Voters say remove licensing restrictions for ex-offenders
A poll of Illinois registered voters finds 76 percent want to remove occupational licensing barriers for ex-offenders.
By Bryant Jackson-Green
Each year, more than 30,000 people are released from Illinois prisons and face the challenge of re-entering society. The surest way for ex-offenders to get their lives back on track – and not return to prison – is to find a good job. One barrier in the way of successful workforce re-entry, however, is the fact that Illinois has 118 occupational and professional licenses that by law can be denied – and in some cases must be denied – to people with criminal records.
A majority of Illinois registered voters oppose these restrictions, as shown by a May 2016 poll the Illinois Policy Institute commissioned. Pollsters surveyed 500 Illinois registered voters about criminal-justice reform issues, including occupational licensing. Pollsters asked respondents:
Illinois has at least 118 business and occupational licenses that by law either must or may be denied to people with criminal records. This includes, for example, occupations such as barber and real estate agent. Once someone has successfully completed their prison sentence and parole, do you think they should be denied these licenses, or should they be granted these licenses if they’re otherwise qualified?

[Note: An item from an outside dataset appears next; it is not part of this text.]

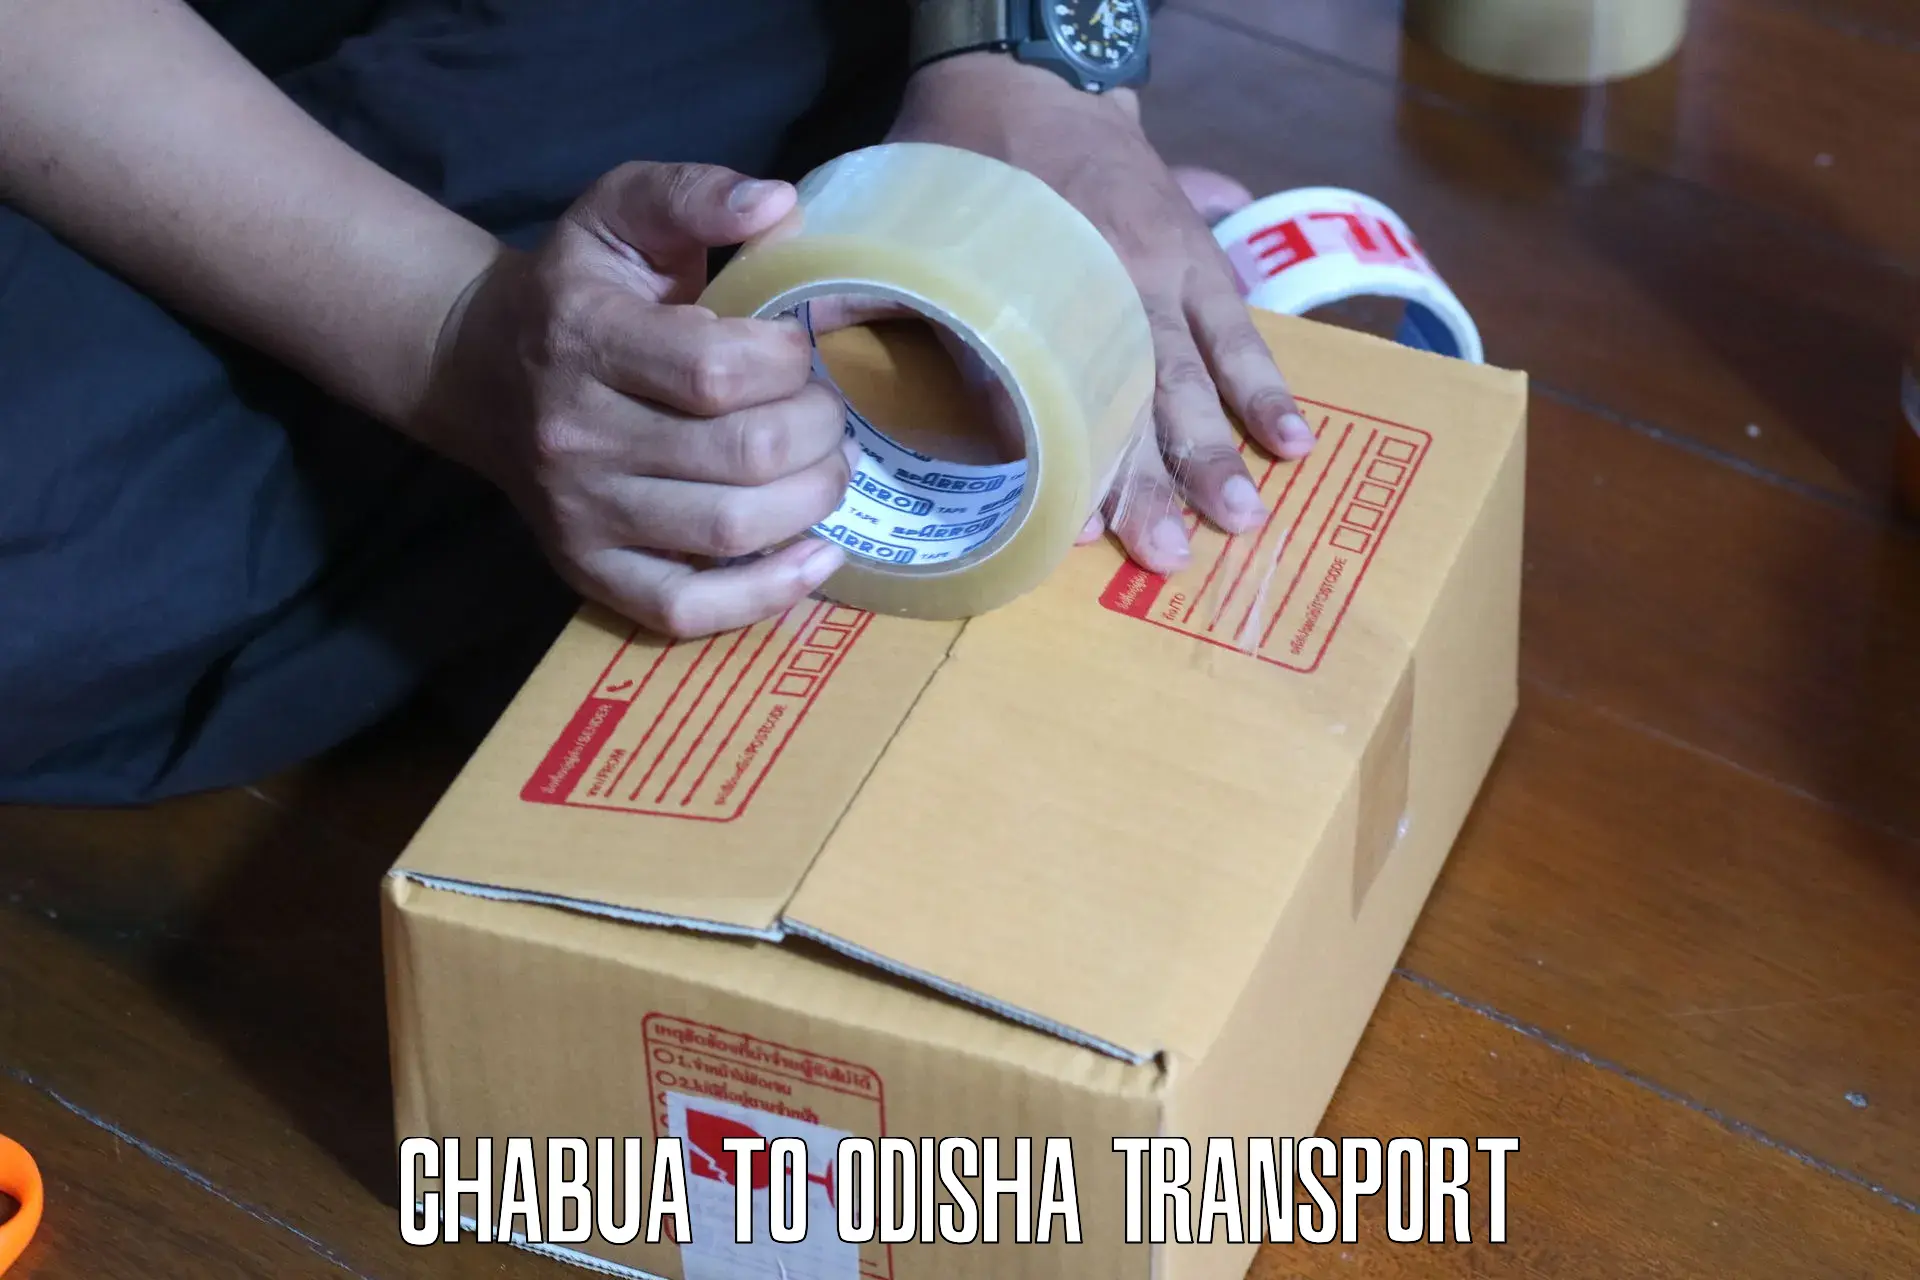 Truck transport companies in India Chabua to Sambalpur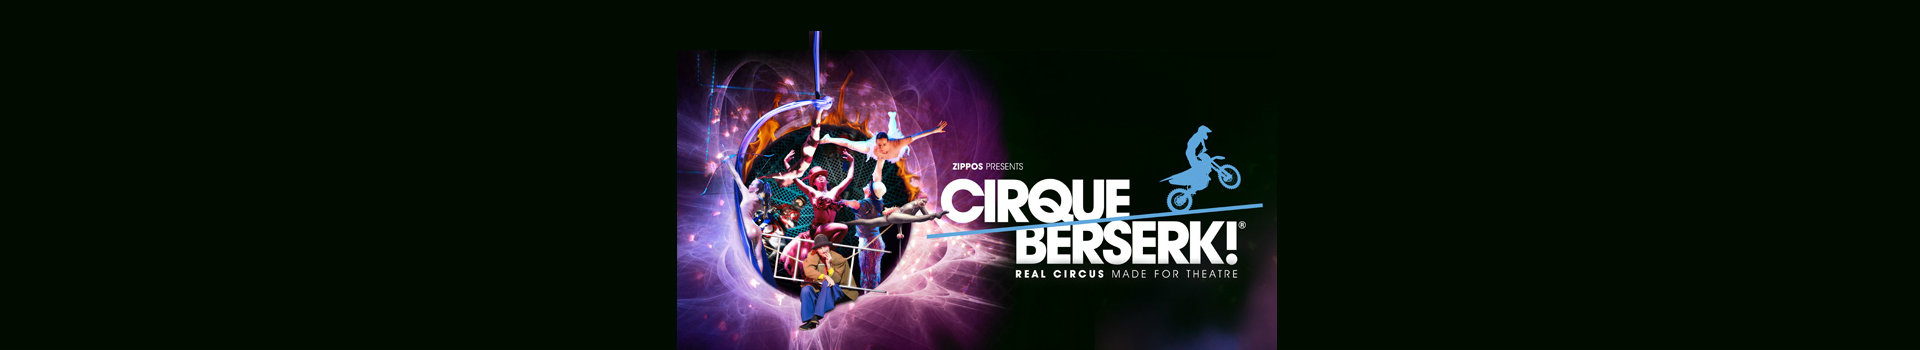 Zippos Presents Cirque Berserk! tickets London

Seventy-six percent of respondents say they should be granted – compared to just 15 percent who disagree.
These majorities hold across party lines as well: 82 percent of Democrats, 68 percent of Republicans and 76 percent of Independents support removing licensing barriers for otherwise qualified former offenders.
Pollsters also asked how support for reforming occupational licensing would factor into a voter’s support for political candidates and found that a plurality would be more likely to vote for candidates who back this reform.
Voters in the black and Hispanic communities are the most likely to vote for candidates who expand opportunities to work, but all demographic groups were more likely to support candidates who favor occupational licensing reform.
Licensing reform is low-hanging fruit in criminal-justice reform but can make a world of difference for many. The easier it is to find work after incarceration, the less likely it is that former offenders will return to crime after release. One of the best predictors of success after prison is the ability to find work. Studies by the Urban Institute and the Safer Foundation show that ex-offenders who get jobs after release are less likely to commit crimes in the future and are more likely to be self-sufficient, contributing members of society.
And even if it won’t fully solve the problem of recidivism, marginal improvements can add up over time.
A reduction in recidivism of just 1 percent would save Illinois over $108 million in taxpayer spending, victimization costs and avoided economic losses.
Illinois voters are saying they want big changes in criminal justice. Removing licensing barriers is a small but important way to move the state forward.